Use your fingers to flatten the butter pieces, but work fast to not melt the butter. - Add the heavy cream at once and with a fork, bring the dough together.
- Once it comes together, pour onto a lightly floured surface and give it a few kneads but do not overwork it.
- If your dough is fairly soft and warm, chill it for 30 minutes, otherwise proceed directly.
- Roll the dough into a rectangle of approximately 10 x 18 inches. I do this on a floured layer of plastic warp to make the next step and cleanup easier.
- Spread the filling evenly onto the rectangle going all the way to the edges but leave a 1 inch border on a short side so the dough can stick together when you roll it up.
- Roll up the dough from the short end and make sure you don't include air and pinch the roll close.
- Pat this role down to approximately 1.5 inches thickness and then cut into 8 scones.
- Put the scones onto the baking sheet and bake until nicely golden, about 30 minutes.
- Let cool for 15 minutes and serve warm or at room temperature with a sprinkle of powdered sugar or a sugar glaze drizzle.

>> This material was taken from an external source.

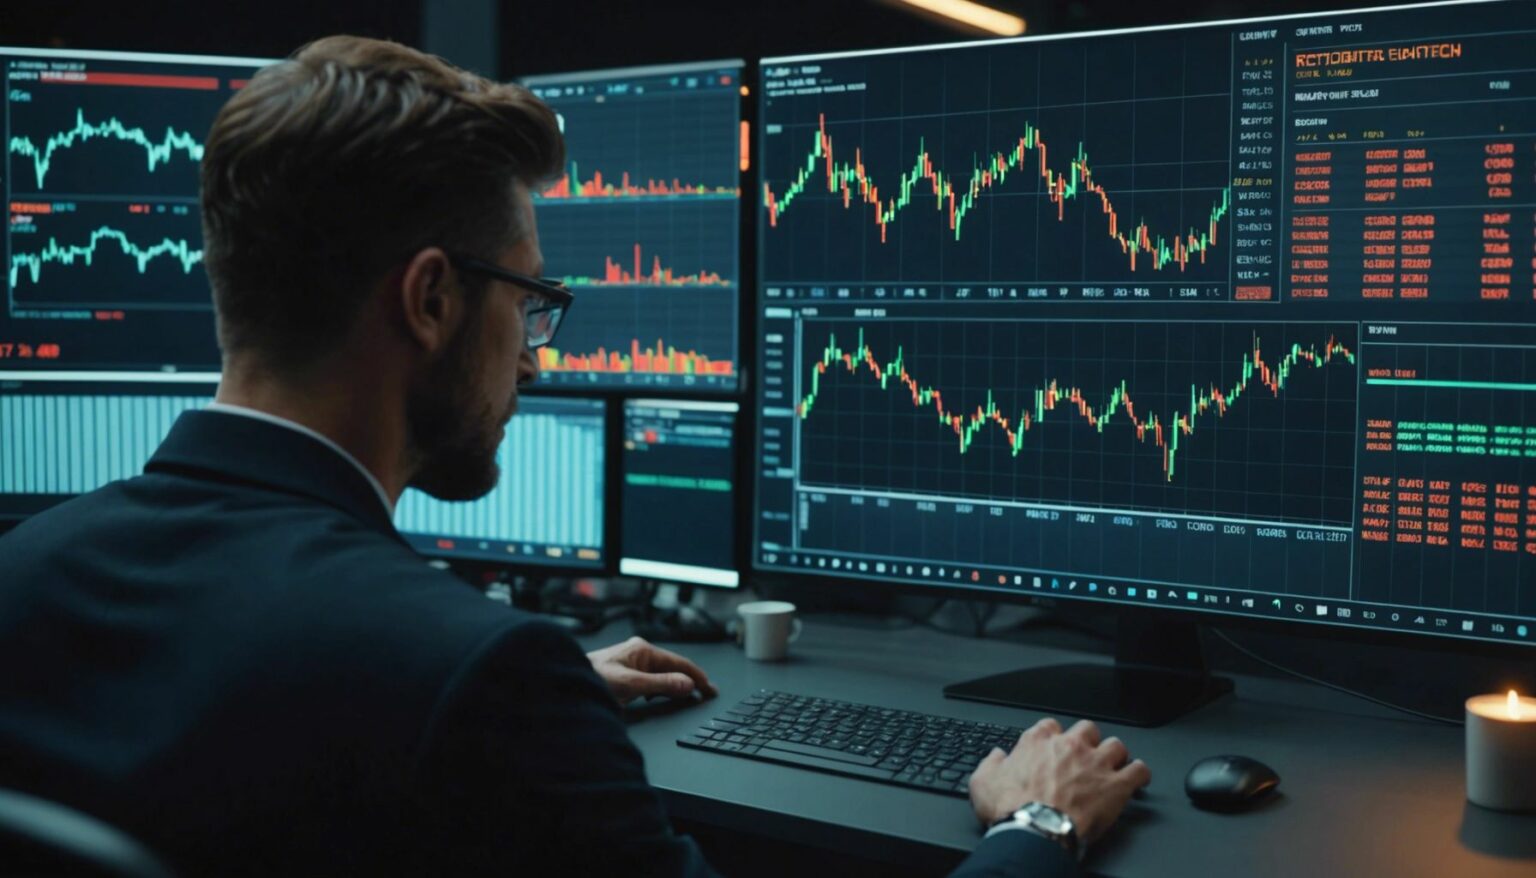 Futuristic trading interface with candlestick charts, cryptocurrency symbols, and a trader analyzing data on a holographic screen.

Hi. Your scones look absolutely delicious. I will be making them today. I have a question for you though. Looking at the picture of your scones, ready to go into the oven and referencing #10 in your instructions for the scones, do you mean to pat the dough down and then cut the scones 1 1/2 inches wide to make 8 scones, because judging from the picture of each scone, they look more than 1 1/2 inches wide.
Hi Erin, indeed the picture does not correspond to the instructions. On the second attempt (when I took the pictures), I didn’t pat the dough down but just sliced it like you would slice cinnamon rolls. I found that to deliver better overall texture and results. Good luck remaking them!